This project then exists to provide to your Gmail filters:

  1. Maintainability;
  2. An easy to understand, declarative, composable language;
  3. A builtin query simplifier, to keep the size of your filters down (Gmail has
    a limit of 1500 chars per filter);
  4. Ability to review your changes before applying them;
  5. Automatic update of the settings (no manual import) in seconds.

Install

Make sure to setup your $GOPATH
correctly, including the bin subdirectory in your $PATH.

go get -u github.com/mbrt/gmailctl/cmd/gmailctl
go install github.com/mbrt/gmailctl/cmd/gmailctl
gmailctl init

The init will guide you through setting up the Gmail APIs and update your
settings without leaving your command line.

Usage

asciicast

The easiest way to use gmailctl is to run gmailctl edit. This will open the
local .gmailctl/config.jsonnet file in your editor. After you exit the editor
the configuration is applied to Gmail. See Configuration for
the configuration file format. This is the preferred way if you want to start
your filters from scratch.

NOTE: It’s recommended to backup your current configuration before you apply
the generated one for the first time. Your current filters will be wiped and
replaced with the ones specified in the config file. The diff you’ll get during
the first run will probably be pretty big, but from that point on, all changes
should generate a small and simple to review diff.

Migrate from another solution

If you want to preserve your current filters and migrate to a more sane
configuration gradually, you can try to use the download command. This will
look up at your currently configured filters in Gmail and try to create a
configuration file matching the current state.

NOTE: This functionality is experimental. It’s recommended to download the
filters and check that they correspond to the remote ones before making any
changes, to avoid surprises. Also note that the configuration file will be quite
ugly, as expressions won’t be reconstructed properly, but it should serve as a
starting point if you are migrating from other systems.

Example of usage:

# download the filters to the default configuration file
gmailctl download > ~/.gmailctl/config.jsonnet
# check that the diff is empty and no errors are present
gmailctl diff
# happy editing!
gmailctl edit

Other commands

All the available commands (you can also check with gmailctl help):

  apply       Apply a configuration file to Gmail settings
  debug       Shows an annotated version of the configuration
  diff        Shows a diff between the local configuaration and Gmail settings
  download    Download filters from Gmail to a local config file
  edit        Edit the configuration and apply it to Gmail
  export      Export filters into the Gmail XML format
  help        Help about any command
  init        Initialize the Gmail configuration
  test        Execute config tests

Configuration

NOTE: The configuration format is still in alpha and might change in the
future.

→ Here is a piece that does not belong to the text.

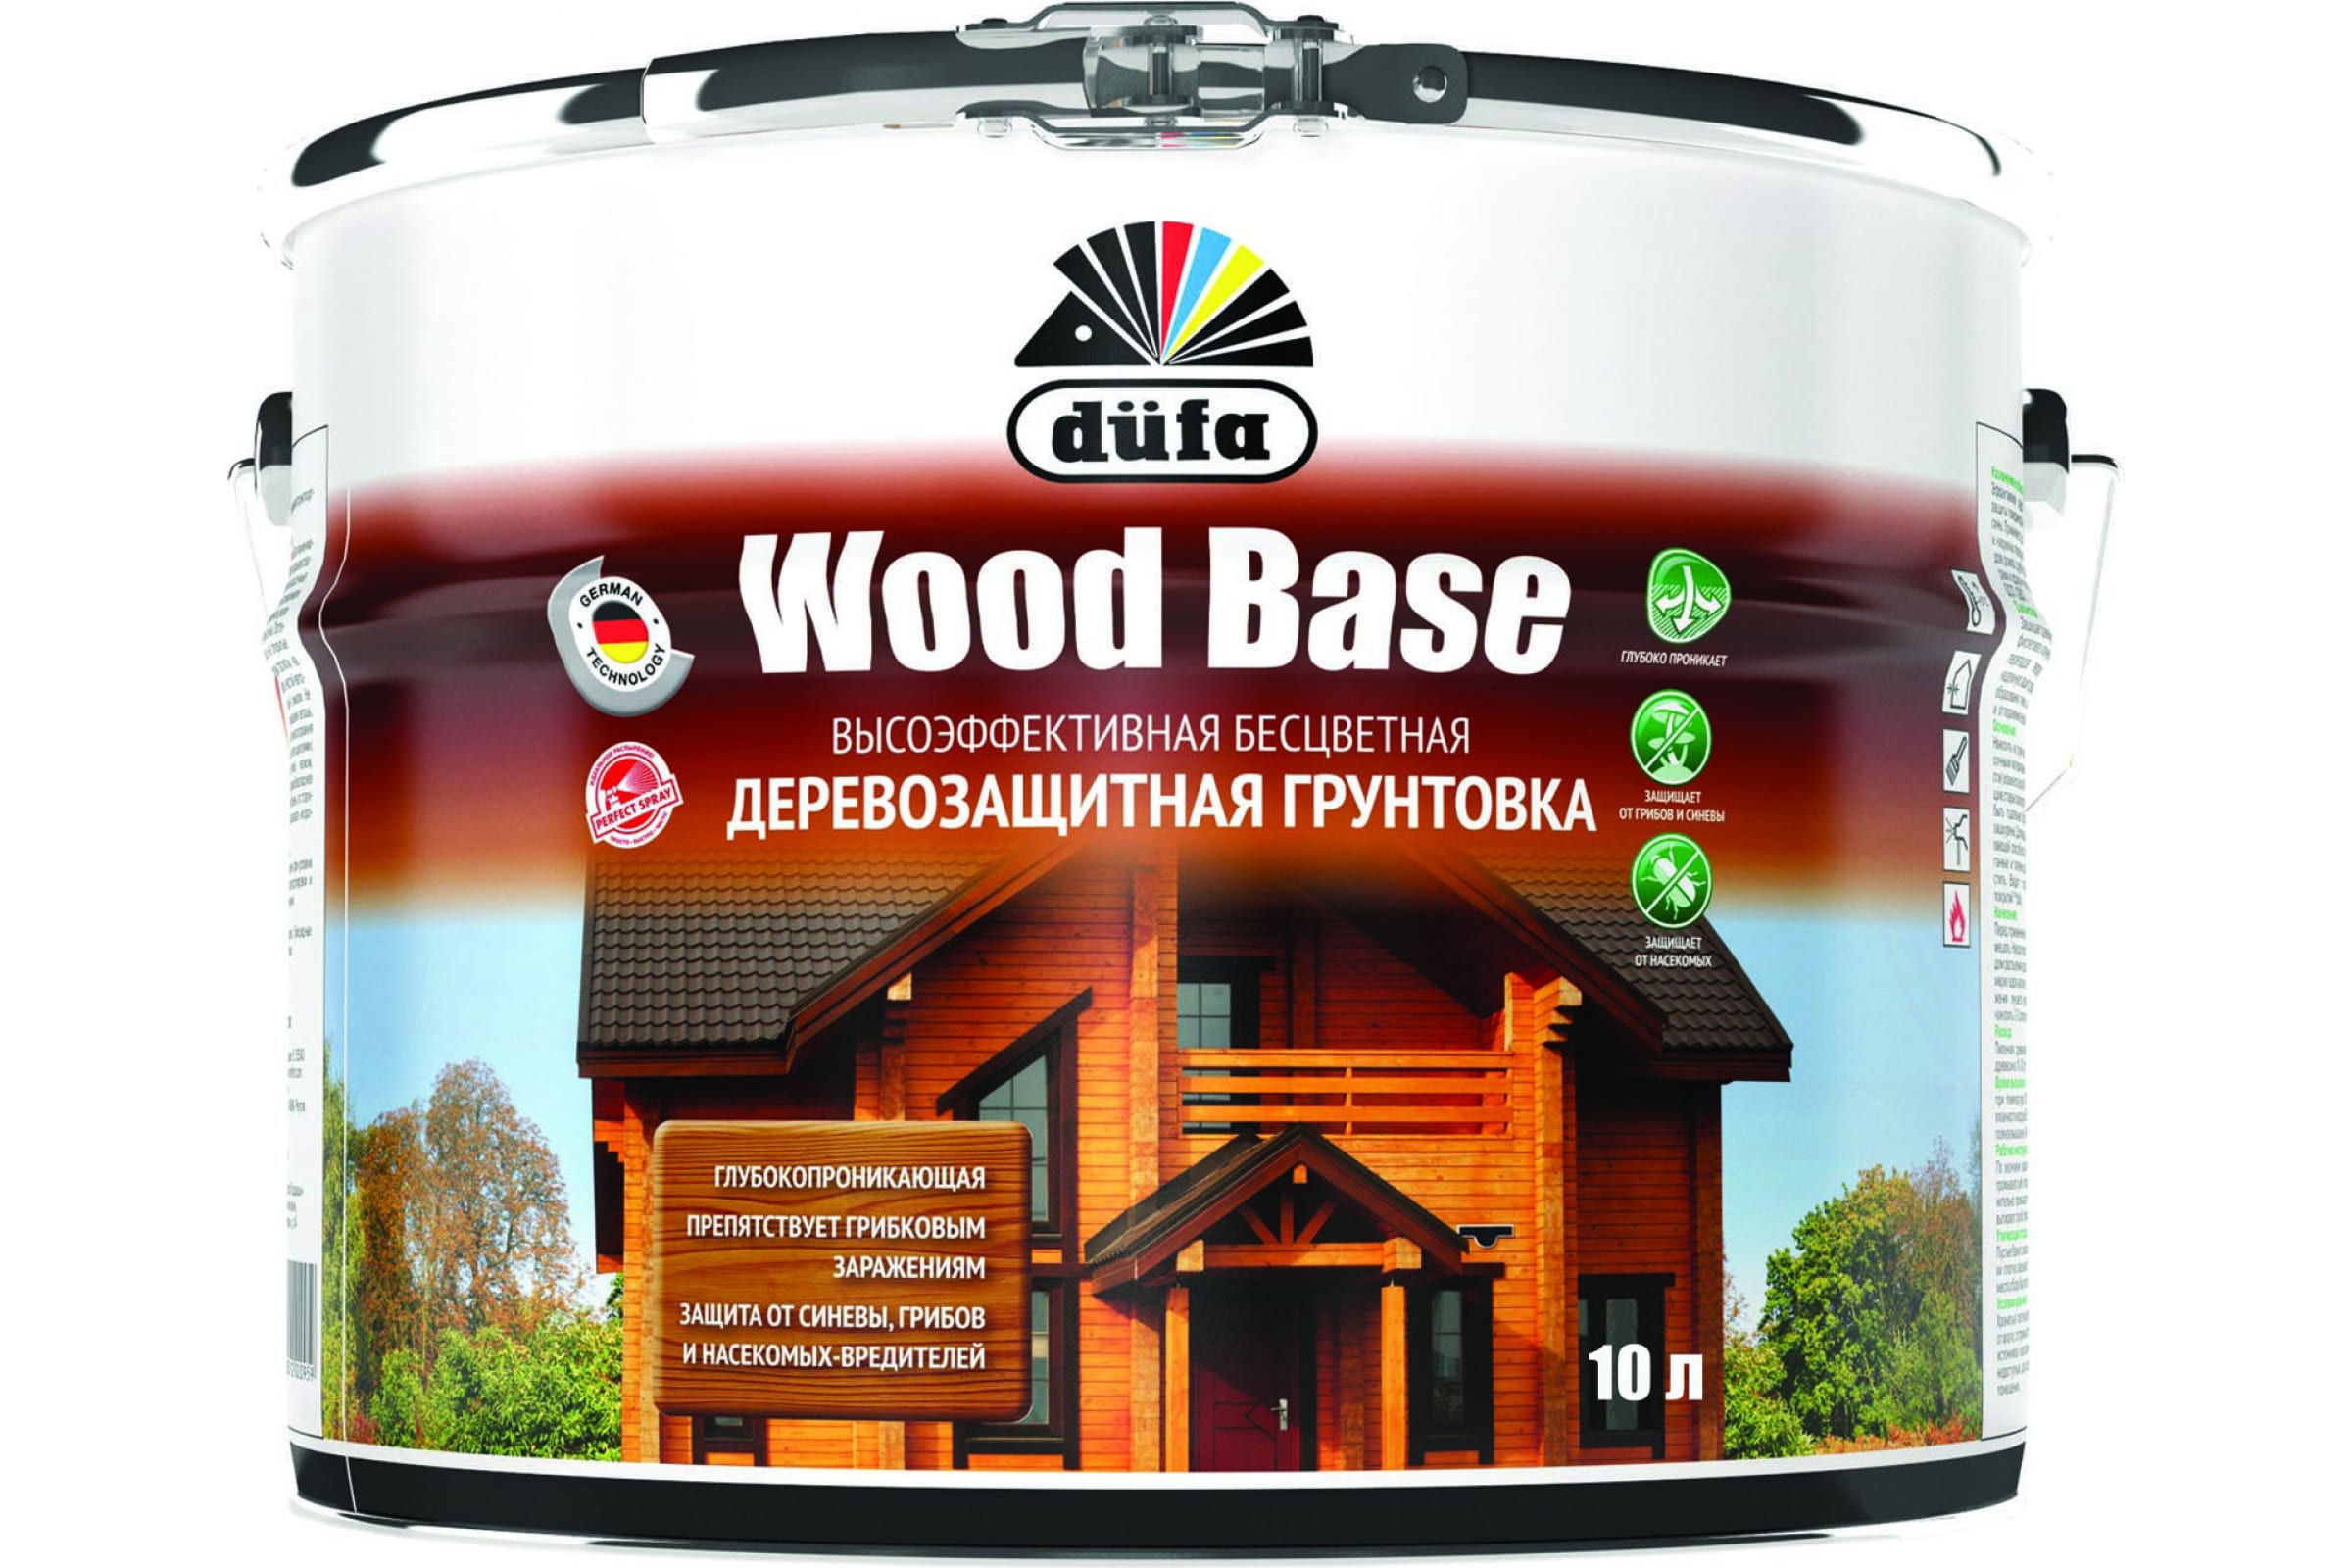 Dufa Грунтовка Wood Base с биоцидом бесцветная 10л Н0000005999

If you are looking for the deprecated versions v1alpha1, or
v1alpha2, please refer to docs/v1alpha1.md and
docs/v1alpha2.md.

The configuration file is written in Jsonnet, that is a very powerful
configuration language, derived from JSON. It adds functionality such as
comments, variables, references, arithmetic and logic operations, functions,
conditionals, importing other files, parametrizations and so on. For more
details on the language, please refer to the official
tutorial
.

Simple example:

// Local variables help reuse config fragments
local me = {
  or: [
    { to: 'pippo@gmail.com' },
    { to: 'pippo@hotmail.com' },
  ],
};

// The exported configuration starts here
{
  version: 'v1alpha3',
  // Optional author information (used in exports).
  author: {
    name: 'Pippo Pluto',
    email: 'pippo@gmail.com'
  },
  rules: [
    {
      filter: {
        and: [
          { list: 'geeks@newsletter.com' },
          { not: me },  // Reference to the local variable 'me'
        ],
      },
      actions: {
        archive: true,
        labels: ['news'],
      },
    },
  ],
}

The Jsonnet configuration file contains mandatory version information, optional
author metadata and a list of rules. Rules specify a filter expression and a set
of actions that will be applied if the filter matches.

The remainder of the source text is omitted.